PWC has spent millions on VR headsets for staff to hold immersive virtual meetings for ‘mixed presence’ teams. HSBC has scrapped its executive floor in its Canary Wharf HQ to ask senior management to hot desk with the rest of their teams. Other companies are shifting to ‘hub and spoke’ office models, with smaller regional offices creating co-working spaces where workers can come to work without the grinding commute.
So, how will companies know if these reconfigured offices and changing practices are working?
If hybrid working is about to change the way our spaces are used we need the data to monitor its success and respond to changing needs.
Yet most businesses just don’t have this data at their finger-tips and without this how will businesses be able to tell:
- If repurposed workspaces are being used in expected ways?
- If they’re being serviced adequately?
- If assets and workspaces are under new stress?
- If assets are being moved around buildings?
CAFM systems can show us exactly these trends. Using FM software you can see where maintenance requests and costs are increasing by day and office type, as buildings are subject to new working rotas and constant reconfiguration.
It can help us keep track of assets, maintain their condition and ensure H&S compliance even as they are shifted around offices and to other locations.
3. How can FM’s lead from the front?
The perfect storm of leaps in digital collaborative tech and the forced closure of offices by Covid has accelerated the hybrid working revolution. It’s paving the way for some of the most radical changes to working practices since the computer first appeared in our workspaces a generation ago.
Now it seems the hybrid model may be the future for many of us, but it’s still a work in progress. Businesses are experimenting with new technology, new space layouts and new working practices to see what is most suitable and successful for them. We don’t know what the long term impact of these changes will be on working lives, productivity and the buildings we use. But businesses need the FM tools and data to implement the changes and measure its effects.
As we’ve seen, CAFM systems are going to be critical to bring these plans and experiments to life - to ensure the facilities and equipment we’re using are responsive, comfortable and safe for everyone.

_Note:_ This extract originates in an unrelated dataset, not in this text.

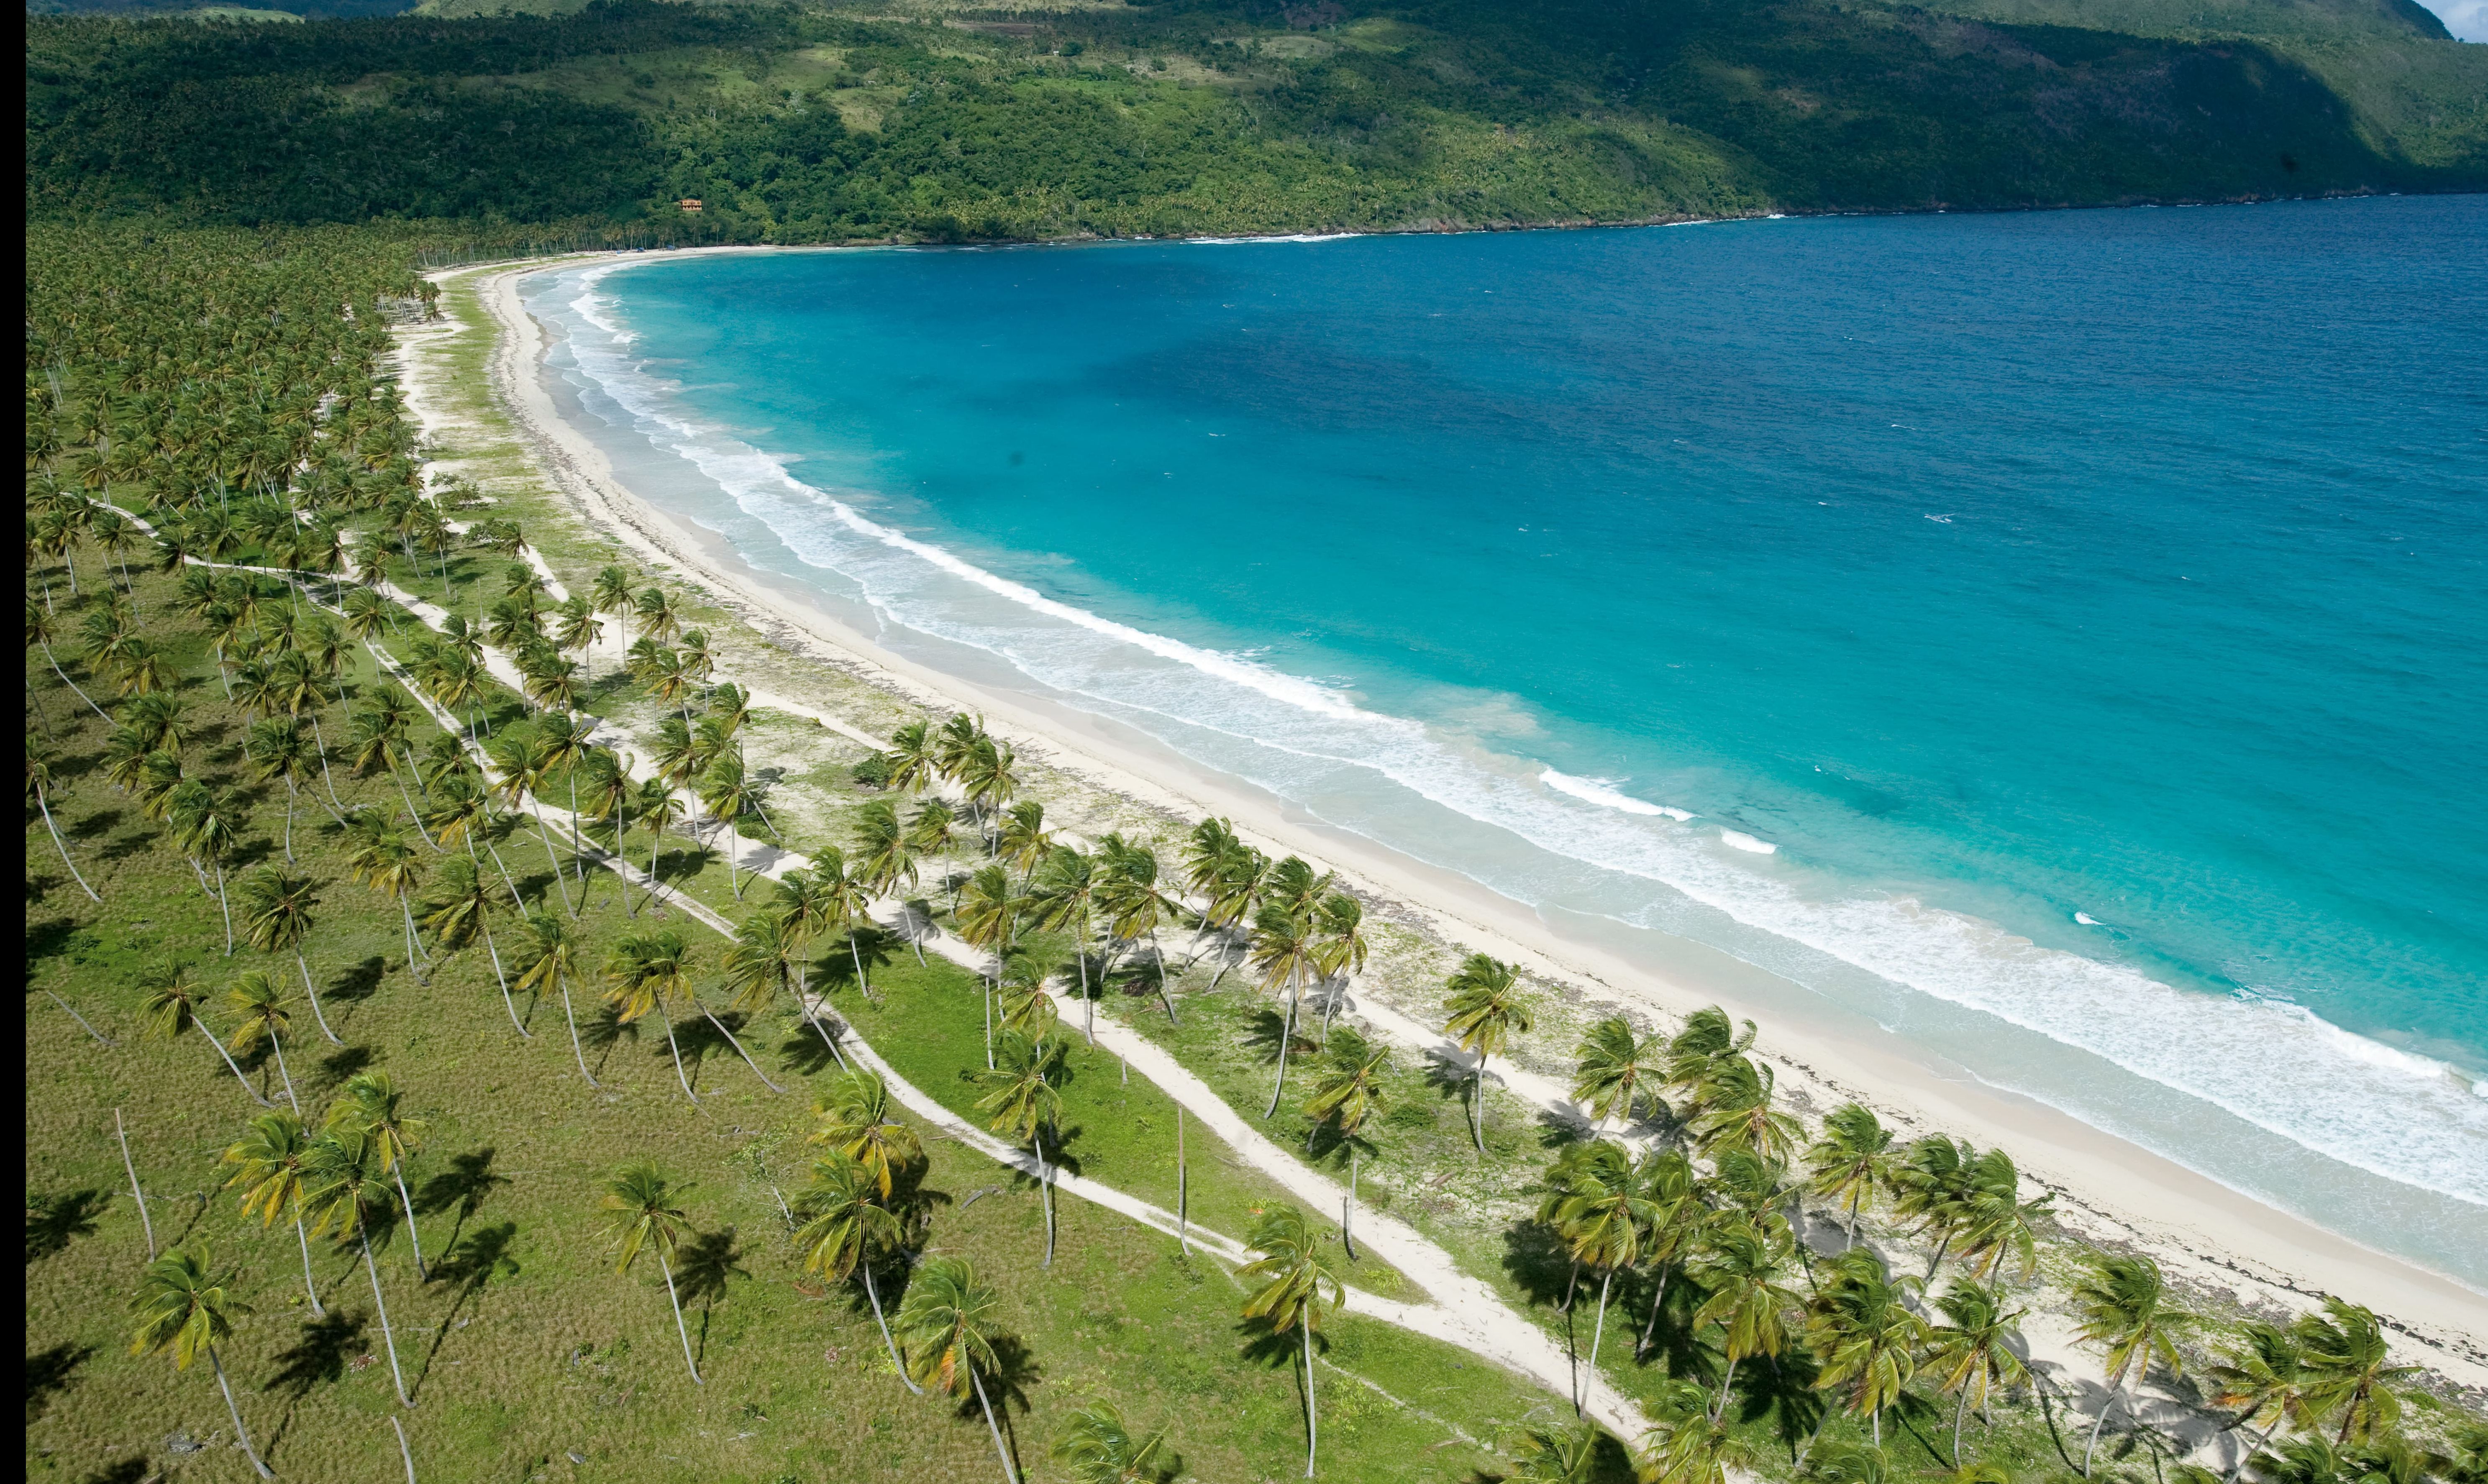 Plan de desarrollo económico y local de la “Joya del Caribe”, Samaná

But the data that these FM tools will serve up will be fundamental to deciding what strategies are working, what problems they might be creating and how much they are costing businesses to service and maintain.
Hybrid is an opportunity for FM to take the strategic lead. With the right CAFM tools in place FM teams will be able to offer real time insight into the success of these new ways of working. But they’ll also be able to suggest ways to change and optimise spaces to make them work harder and more cost effectively.
Without these software tools, however, we risk walking blind into the most disrupted period of workplace history since the beginning of the digital age. Now, that would be ironic.